He said neither of the parents had a propensity to aggression. “If either of them inflicted an injury of this kind then it happened in the context of dissociated experience. I do not think it was intentional.”
Failure to acknowledge responsibility could be for various reasons. It could be because those responsible were likely to be charged, or because of society’s view. But also they may not be aware of causing the injuries, he said.
Asked if acknowledgement of causing injury was necessary from the point of view of managing the risk, he said: “Not necessarily from the point of view of risk. If this happened in a dissociated state and during the loss of control, acknowledgement would be more likely if the person went into treatment.”
Asked about comments from a psychologist for the HSE, contained in a report, about the parents’ “deceit”, he said that the relationship of a HSE psychologist with the parents of children who were being taken into care was not a clinical relationship. “It would indicate some sort of disturbance to disclose information to the detriment of their welfare or the welfare of their case. It would be completely naïve to expect the person to trust you. Expecting trust is a failure to understand the power imbalance.”
He said the breach of the supervision conditions that had occurred the previous September seemed to be a major incident in the HSE’s re-evaluation of the parents. He did not agree with this assessment of the breach.
Asked about the fact that phone texts acquired by the Gardaí for their own purposes and acquired by the HSE showed trouble in the relationship, he said: “I am not surprised at that. We know such proceedings are associated with marriage break-up. What comes through is [the father] being reassuring to [the mother]. They spend their time dealing with difficult children. You have to admire their ability to do it instead of picking on little details. These are very committed parents.”
Asked by the HSE barrister what his role was in the proceedings, he said it was to look at the attachment profile of the children and the psychiatric aspects of the case. Asked if it was not an artificial exercise to look at attachment in the context of B’s injuries, he said: “No, you have to look at context.

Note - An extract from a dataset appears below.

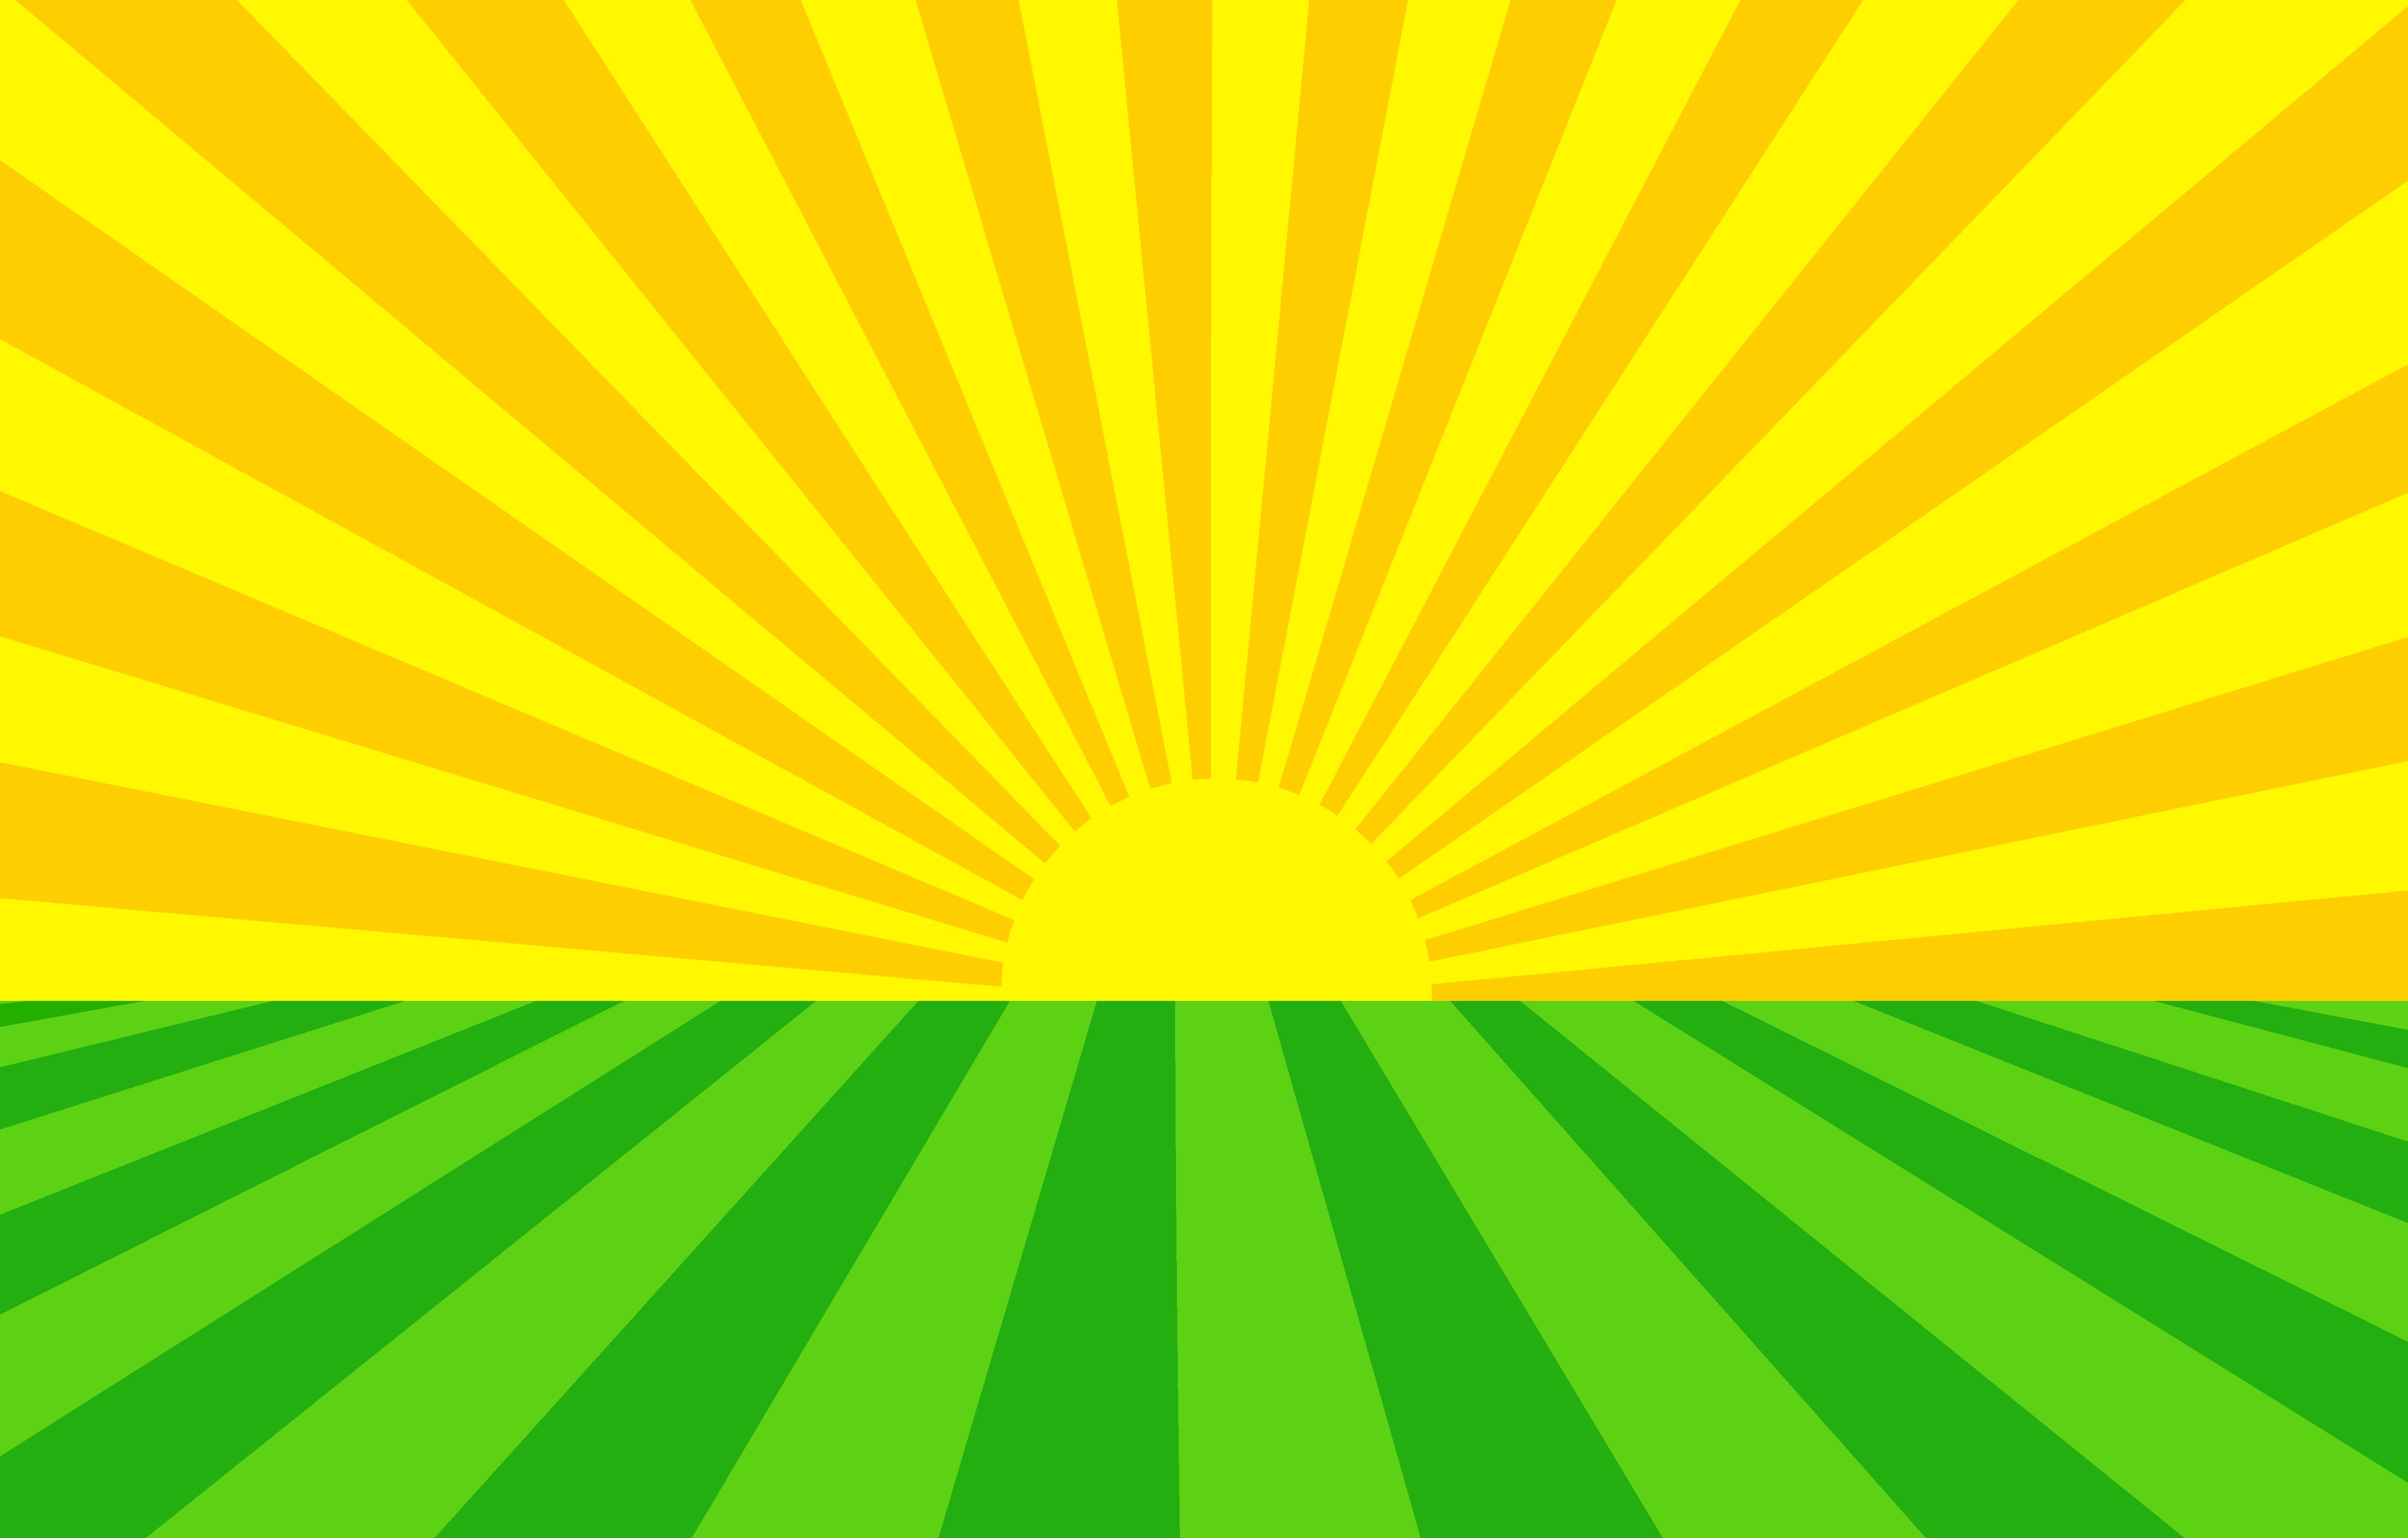 Sunshine background clipart.

There is a danger in a situation like this that one can’t look beyond the injuries, and look at every aspect including the relationships within the family, which will inform future decisions.” He said he accepted the physical safety of the children had to be secured and that it outranked the attachment issues of the children.
The HSE barrister put it to him that there had been two, possibly three, events over two to three weeks where B suffered serious injuries. “Are you saying this has no importance for the safety of the children?” “No, of course it does,” replied the psychiatrist. “If the court decides one person is culpable that person should be excluded.”
“Are you saying that a person could be going around doing this and not be aware of it?” asked the barrister. “Possibly, yes,” the psychiatrist replied. “There is no evidence of aggression.” Asked whether the phone texts referring to shouting did not indicate aggression, he said this was not pervasive or continual.
Asked about removing the children and having them establish an attachment to foster parents and then, if things improved, moving them back, the psychiatrist said: “That is a complete misunderstanding of attachment. You can’t replace one [attachment figure] with another. Each time you move the children you cause attachment disorganisation for the children.” He said he thought there was a more nuanced way of protecting the children without removing them from their parents, which was a highly disruptive experience.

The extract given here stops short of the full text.